2. Vorrichtung gemäß Anspruch 1,
bei der der Ausgangssignalmodifizierer (120) konfiguriert ist, die Ausgangssignalmodifikationsgewinnfaktoren zu berechnen durch Verwenden eines Maximums eines invertierten Abwärtsmischmodifikationsgewinnfaktors oder eines interpolierten oder geglätteten Abwärtsmischmodifikationsgewinnfaktors und eines konstanten Werts oder durch Verwenden einer Summe des invertierten Abwärtsmischmodifikationsgewinnfaktors oder interpolierten oder geglätteten Abwärtsmischmodifikationsgewinnfaktors beziehungsweise des konstanten Werts.

3. Vorrichtung gemäß einem der vorhergehenden Ansprüche, bei der der Ausgangssignalmodifizierer (120) durch ein Steuersignal (117) steuerbar ist, wobei die Eingangsschnittstelle (110) konfiguriert ist zum Empfangen von Steuerinformationen für die Zeitrahmen oder die Frequenzbänder des gesendeten Abwärtsmischsignals (112) und
wobei der Ausgangssignalmodifizierer (120) konfiguriert ist, das Steuersignal von den Steuerinformationen abzuleiten.
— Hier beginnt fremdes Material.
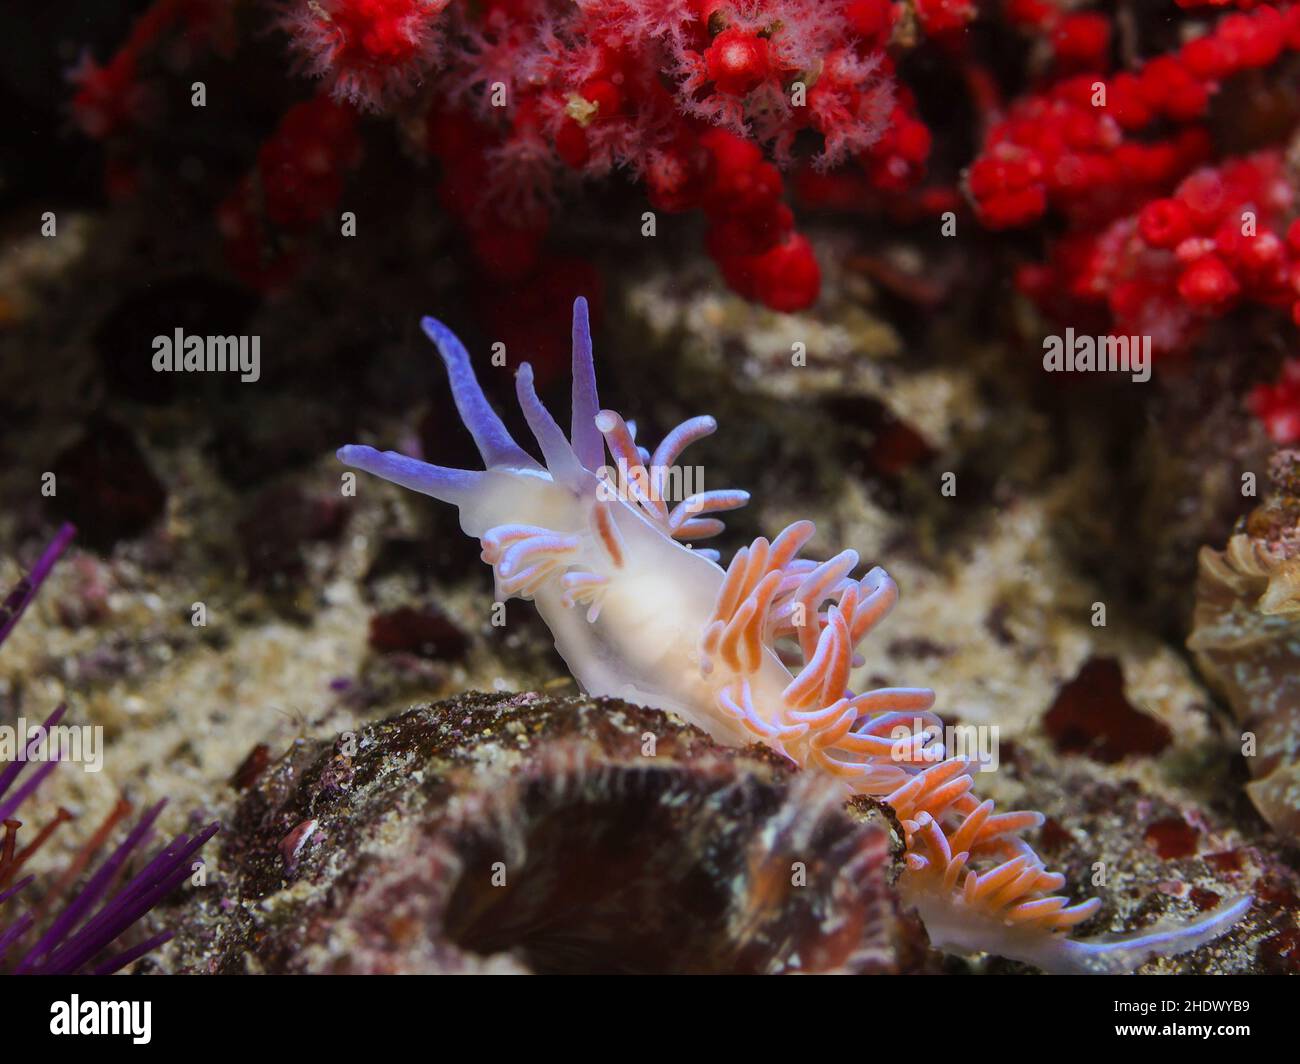 Coral nudibranch subacuático (Phyllodesmium horridum) que se mueve en el arrecife alcanzando con su cabeza. Cuerpo anaranjado, cerata curvo con coloración naranja. Foto de stock

4. Vorrichtung gemäß Anspruch 3, bei der die Steuerinformationen ein Flag sind und bei der das Steuersignal derart ist, dass der Ausgangssignalmodifizierer (120) deaktiviert ist, falls das Flag in einem gesetzten Zustand ist und wobei der Ausgangssignalmodifizierer (120) aktiviert ist, wenn das Flag in einem nicht gesetzten Zustand ist oder umgekehrt.

5. Vorrichtung gemäß einem der vorhergehenden Ansprüche, bei der der Abwärtsmischmodifizierer (116) konfiguriert ist, eine Lautstärkeoptimierung, eine Entzerrungsoperation, eine Mehrband-Entzerrungsoperation, eine Dynamikbereichkomprimierungsoperation oder eine Begrenzungsoperation, die an das Codiererabwärtsmischsignal angelegt werden, um das gesendete Abwärtsmischsignal (112) abzuleiten, zu reduzieren oder aufzuheben und
wobei der Ausgangssignalmodifizierer (120) konfiguriert ist, die Lautstärkeoptimierung oder die Entzerrungsoperation oder die Mehrband-Entzerrungsoperation oder die Dynamikbereichkomprimierung oder die Begrenzungsoperation an die Ausgangssignale anzulegen.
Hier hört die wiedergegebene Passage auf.